- Opening Delimiter -

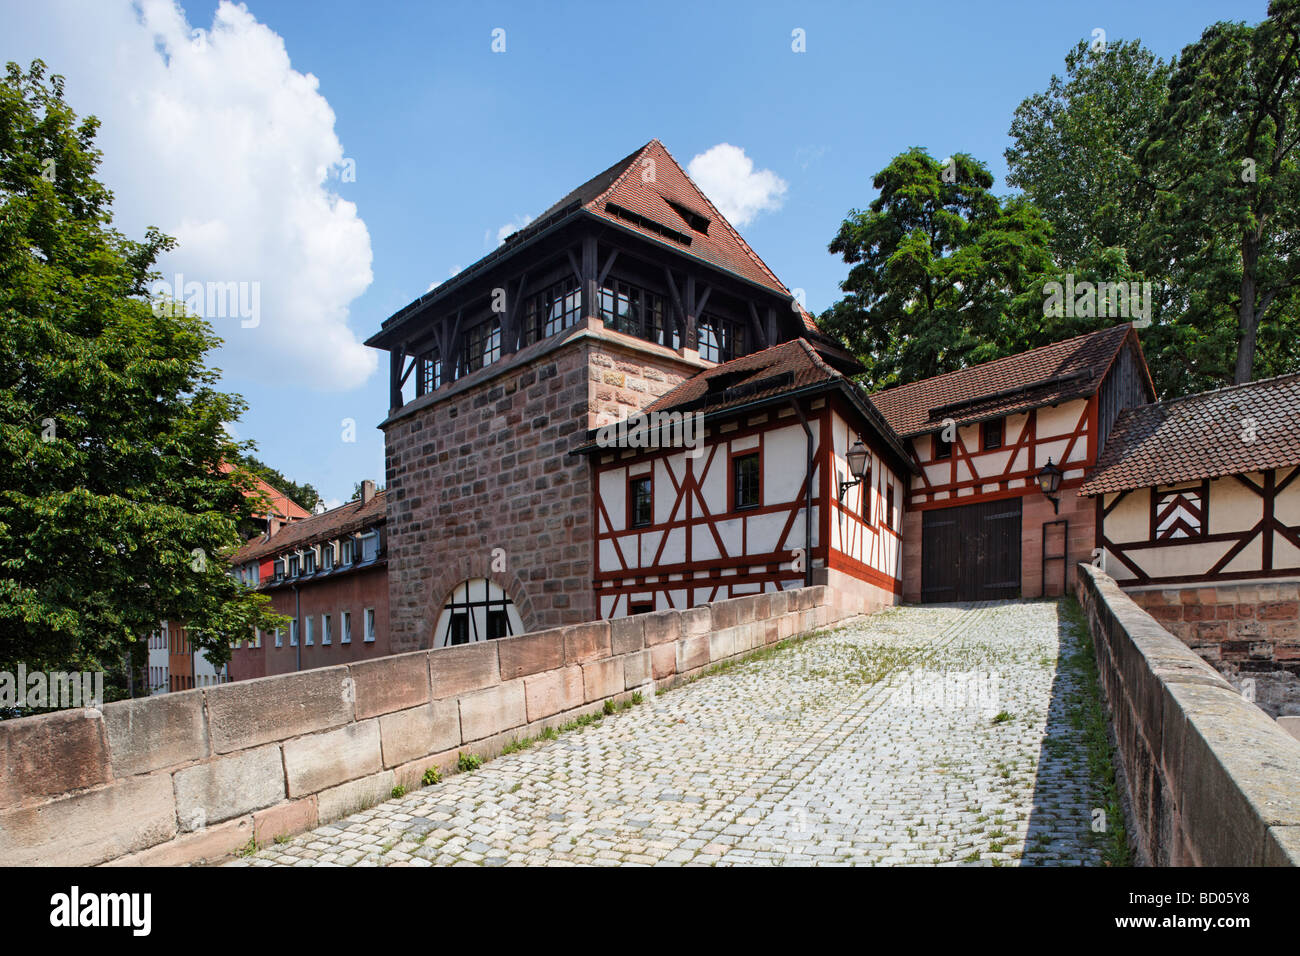 Torre fortificata Tratzenzwinger, Kakauer House, ristorante, mura, Hintere Insel Schuett, la città vecchia, Altstadt, città di Nuremb Foto Stock
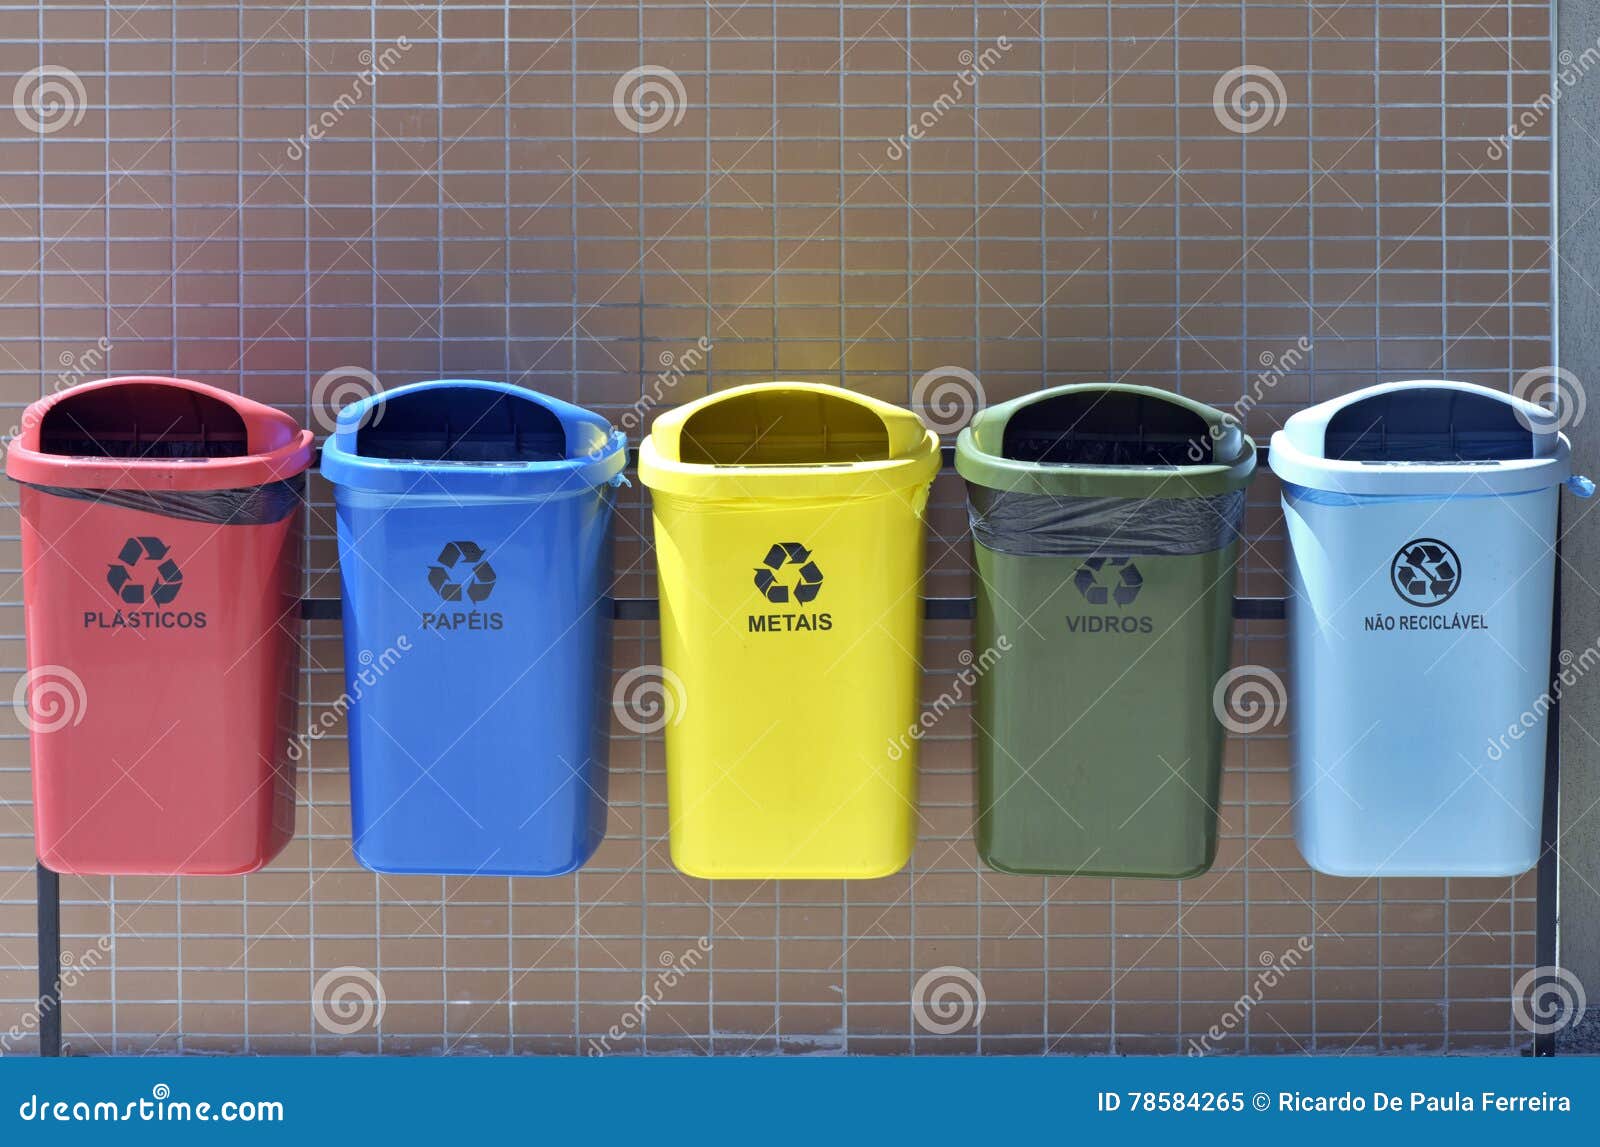 Envase reciclable inútil - SEROPEDICA, RJ, el BRASIL - 7 de enero de 2016
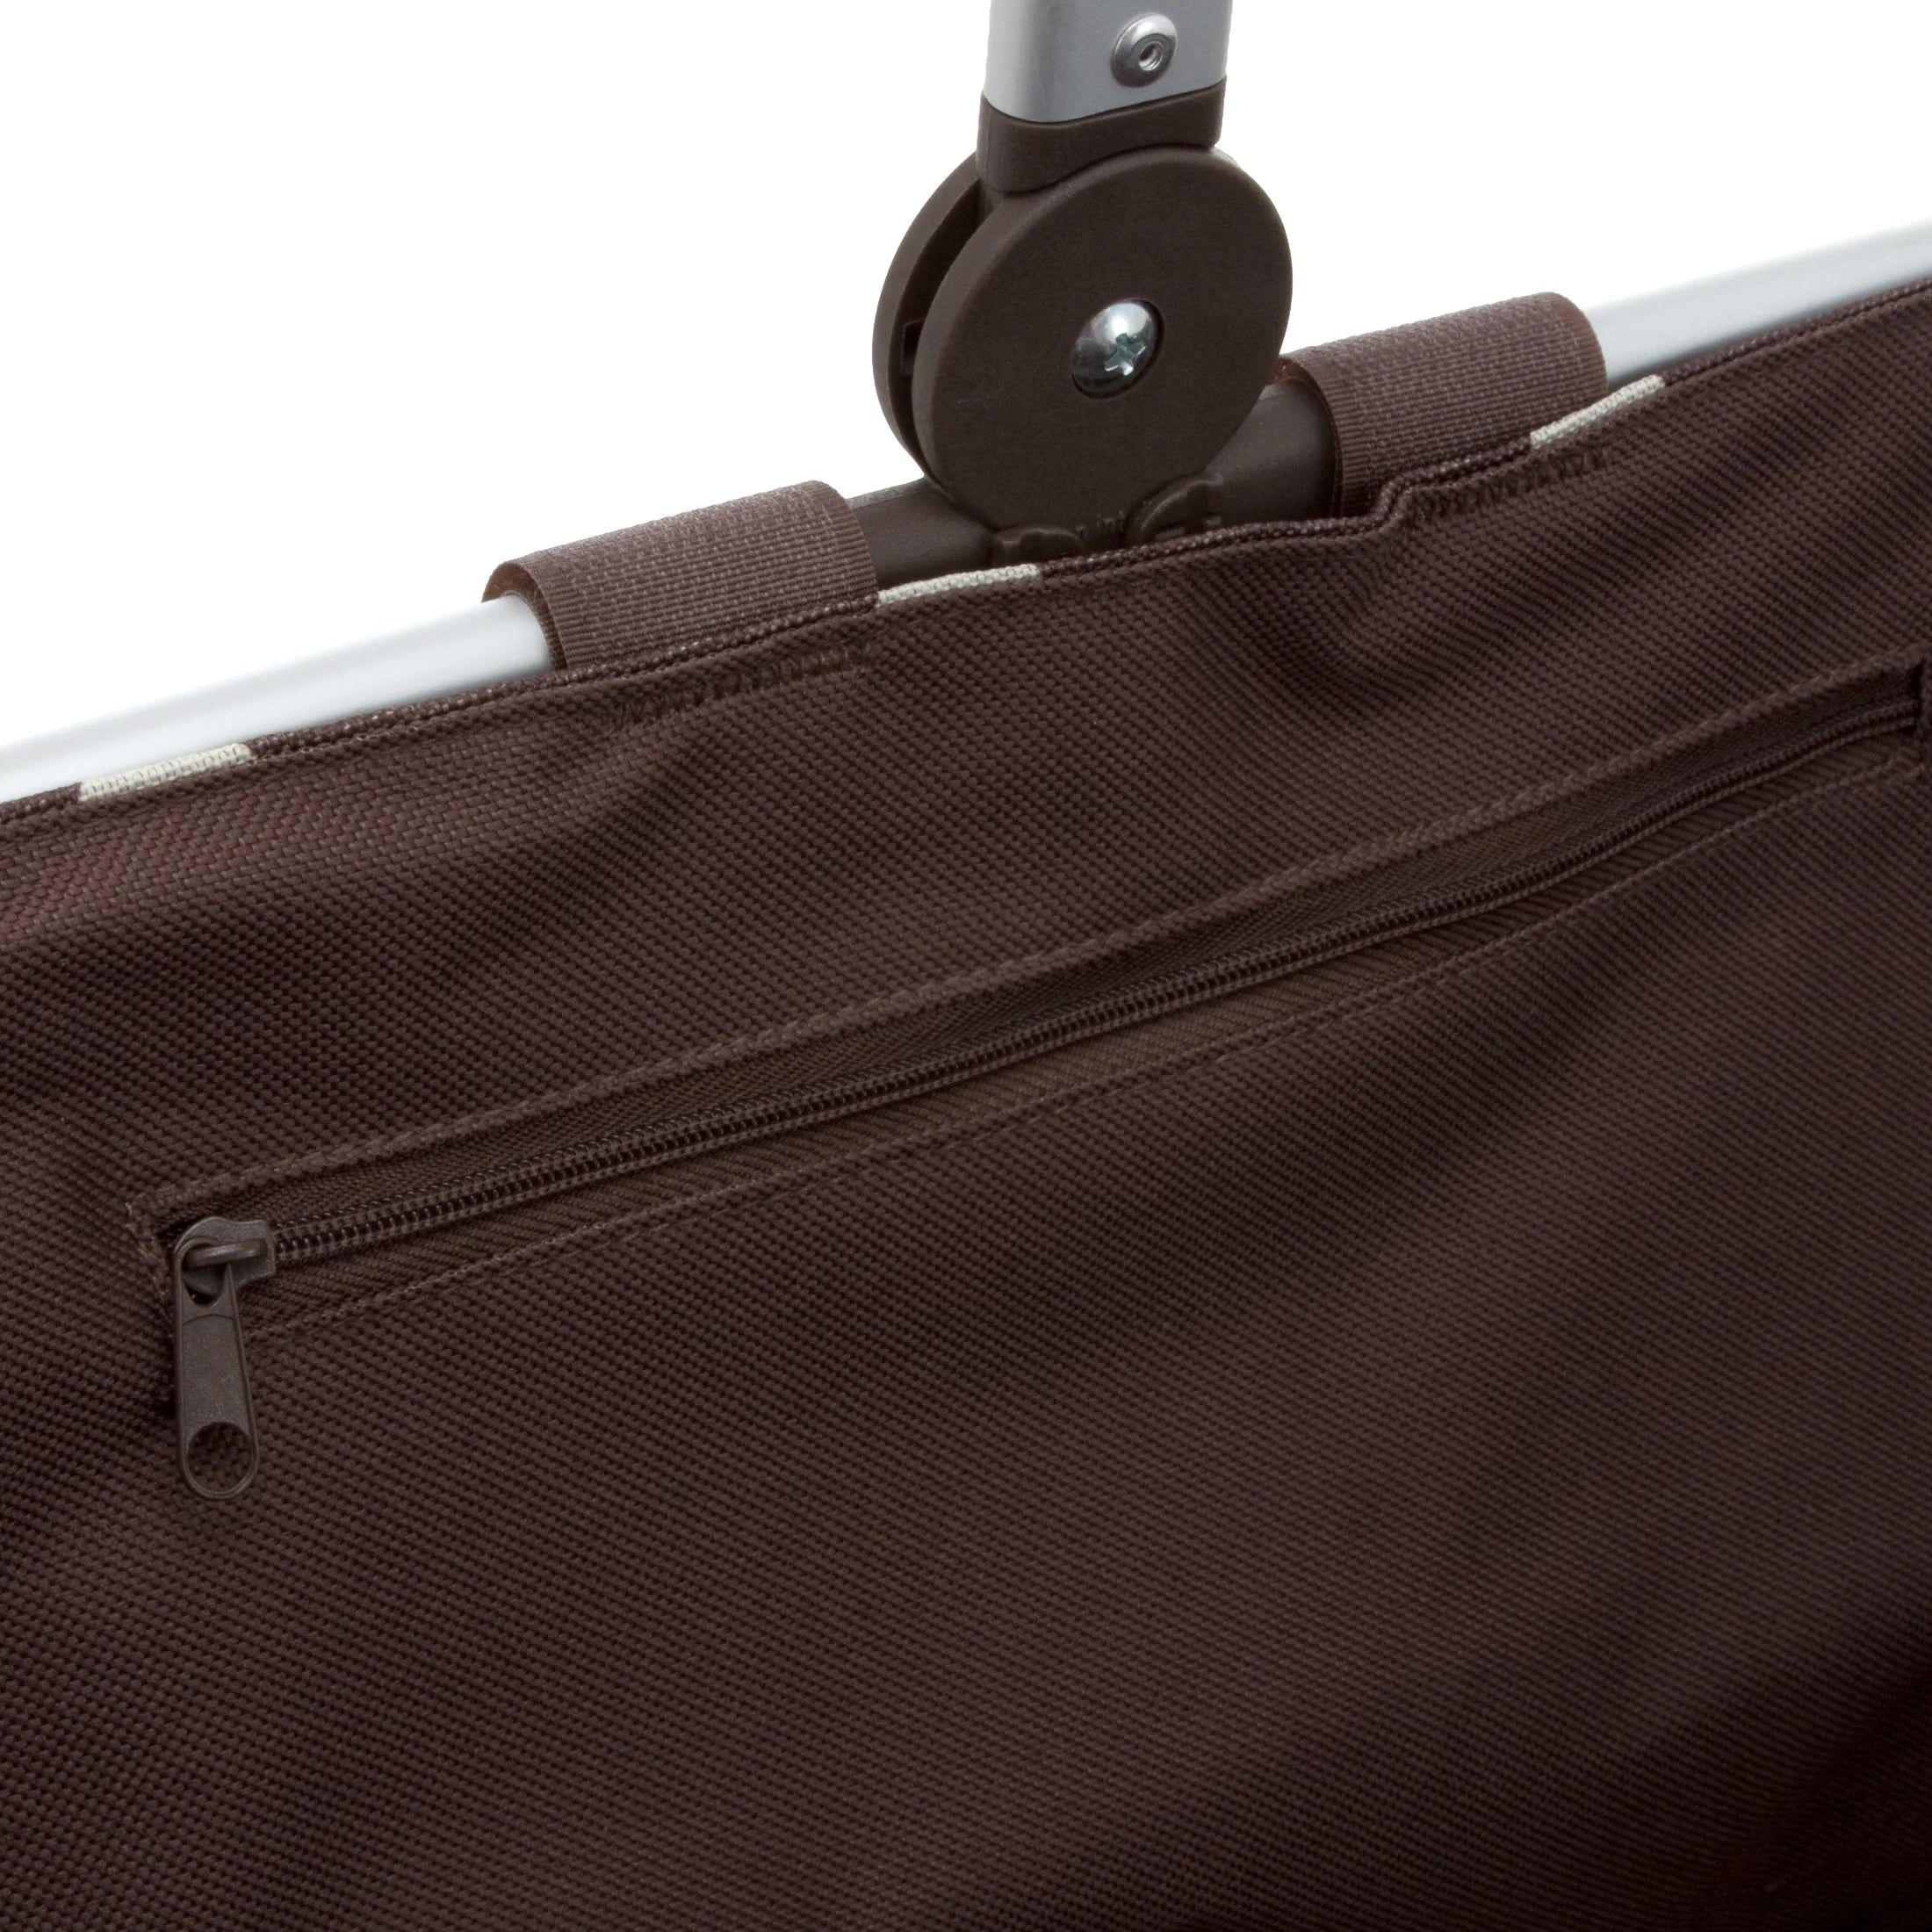 Reisenthel Shopping Carrybag Einkaufskorb 48 cm - black

- Closing Delimiter -

> _EXERCISE DETAILS_
Transcribe all the material exactly; skip every image.

> _THE COMPLETED TASK_
 Torre fortificata Tratzenzwinger, Kakauer House, ristorante, mura, Hintere Insel Schuett, la città vecchia, Altstadt, città di Nuremb Foto Stock
 Envase reciclable inútil - SEROPEDICA, RJ, el BRASIL - 7 de enero de 2016
 Reisenthel Shopping Carrybag Einkaufskorb 48 cm - black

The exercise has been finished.